Four key trends to emerge since the pandemic
Looking back over the last 12 months, the WPP chief executive said: “One thing that the pandemic has demonstrated [to clients] is the importance of communication.”
He identified four key trends, media, commerce, purpose and localisation, and said they could all benefit WPP.
Streaming has been the big change in media in terms of video consumption.
“Many of those services are subscription-based, not advertiser-funded, though I think we expect to see more advertiser-funded VOD platforms launch like Peacock, Hulu and others,” Read said. “A stronger media environment, more competition, more disruption, more choice is good for WPP and good for our clients.”
Ecommerce has been the great shift in term of commerce and WPP is working with more than 70 of its top 100 clients on ecommerce strategy.
Purpose has also risen up the agenda during the crisis and brands want help to “communicate what they’re doing around purpose and their ESG agenda”, he said. “I think companies feel they’re doing a tremendous amount but don’t necessarily get credit for it from their shareholders or their customers or indeed their people.”
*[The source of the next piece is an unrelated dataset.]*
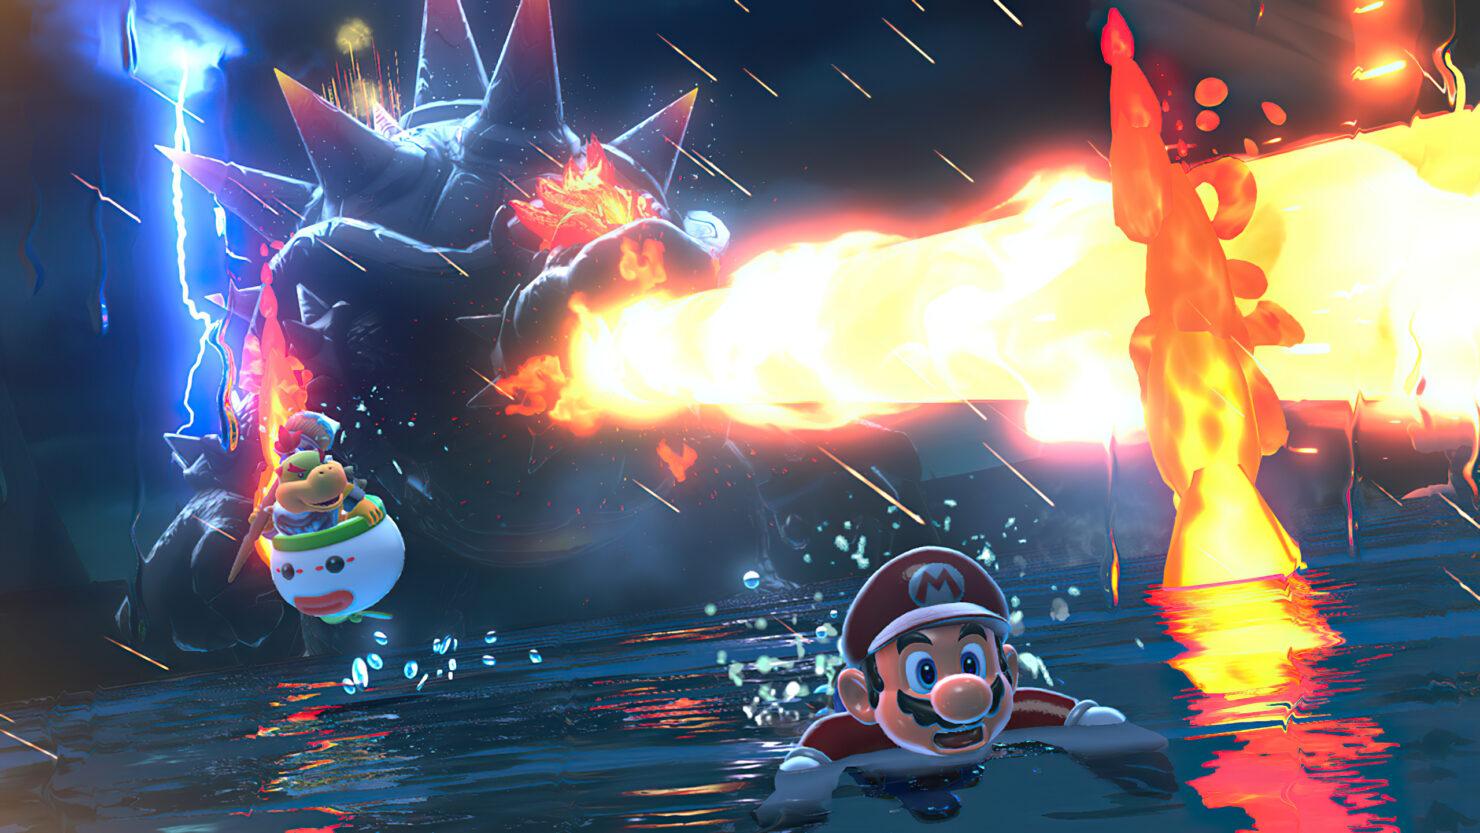 Super Mario 3D World + Bowser's Fury Update 1.1.0

Read is also seeing a shift away from “regionalisation” towards “localisation”.
He described a “multi-polar world” in which China, in particular, and India and Brazil are all “becoming very important in their own right” as well as the United States. “That’s beneficial for WPP because our clients will need to have distinct marketing strategies for those markets,” Read said, explaining how they need to “get the right balance between local and global”.
He added: “Regional is increasingly going out of fashion but local is coming back.”
Return to the office
The return to the office is another big issue for WPP, which employs almost 100,000 people globally.
The company has already said it expects to cut office space by up to 20% and travel by a third but Read said there are a lot of nuances.
“We need to take a step back and think about all of the changes that technology has brought – what is in the best interests of our clients, what is in the best interests of developing our people and also providing people with the flexibility to manage leading their life,” he said.
“I don’t think personal productivity is the only metric of effectiveness in an organisation,” he added, in a hint that agency culture and face-to-face teamwork are other important factors. “It’s going to be a balance.”